Но нам не до «козла». Возвращаемся в зал ожидания. Забавная штука! Оказывается, буфет работает. Сонная мамаша торгует пивом, махоркой и спичками. Достаю деньги (я почти забыл, что их можно тратить).

– Две кружки.

Мы солидно пьем пиво и садимся рядом с буфетом на широкий пивной бочонок. Хочется спать и есть. Есть, пожалуй, больше.

– Рубанём, что ли? – предлагаю я Филенко.

– О, це дило! – одобряет он, с готовностью развязывая вещмешок…

Потом я опять иду к коменданту. Тот радостно поднимается мне навстречу:

– Садись, лейтенант. Твое дело в шляпе. Как придет с Лисичанска состав с фуражом, пристрою!

– А когда придет состав?

– А бог его знает! Скоро, наверное. Часа через два. Может, через три. Ну, от силы через пять.

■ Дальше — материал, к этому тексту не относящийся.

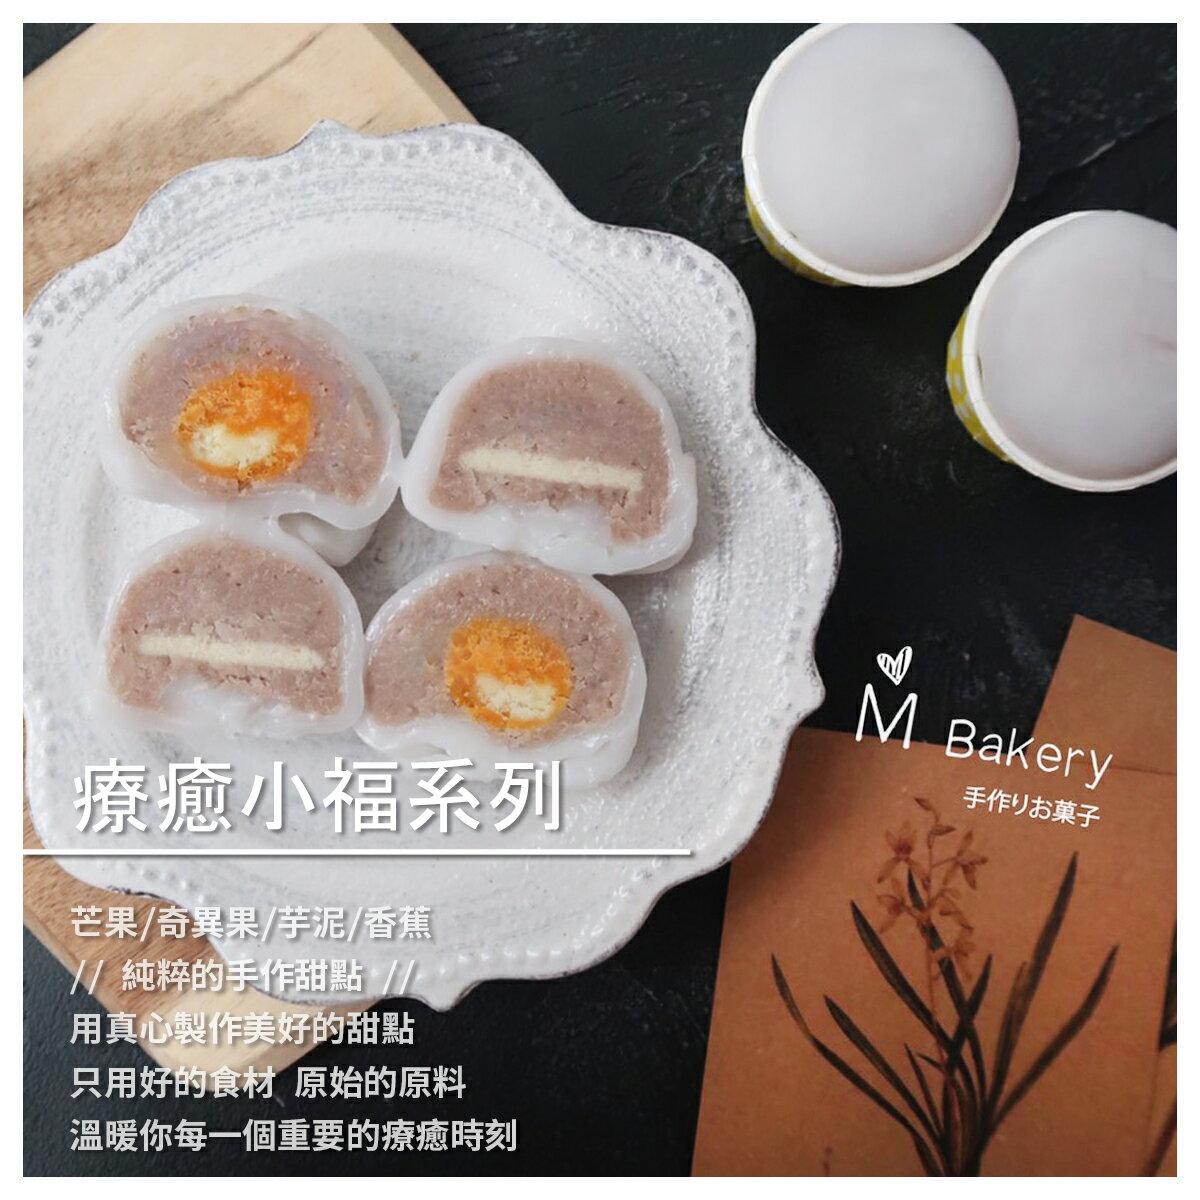 【M Bakery 手作菓子】療癒小福系列/5款口味/9入

Что поделаешь, будем ждать. Я плетусь назад. Коридор узкий и длинный. В конце – открытое окошко почтового отделения и будка междугороднего телефона…

Междугородного телефона?!

– Девушка, у вас телефон работает?

– Какой город вызываете?

– Москву.

– Номер в Москве?

Я называю номер. Потом достаю деньги. Как здорово всё-таки, что я их взял с собой! Потом жду у окошечка. Подходит еще кто-то, заказывает областной центр. Через весь коридор идет куда-то худая женщина, почти волоча за собой сонную девочку…

– Москва, зайдите в кабину!

Я вздрагиваю, бросаюсь к будке. Трубка прыгает в руке, как только что пойманная рыбина.

– Алло!

Невыразимо казенный голос стрекочет в трубке:

– Москва! Москва! Кременное, говорите, Москва!

И вдруг сквозь это стрекотание:

– Ленка! Леночка! Сестренка, это же я. Ну, я, Алеша. Ленка!

– Алешка! Але-о-о-шка…

– Леночка, ну что ты? Ведь все в порядке.

– Алешенька, ты, да? Как здорово, что меня застал! Я только с дежурства. Я на крыше дежурила…

– Ленка, ну как ты там? Как мама?

– Хорошо! Здорова! А я работаю. Ты слышишь, я работаю! Я тебе писала. Ты получил то письмо?.. Мама на заводе… Ну, как ты? Как у вас там?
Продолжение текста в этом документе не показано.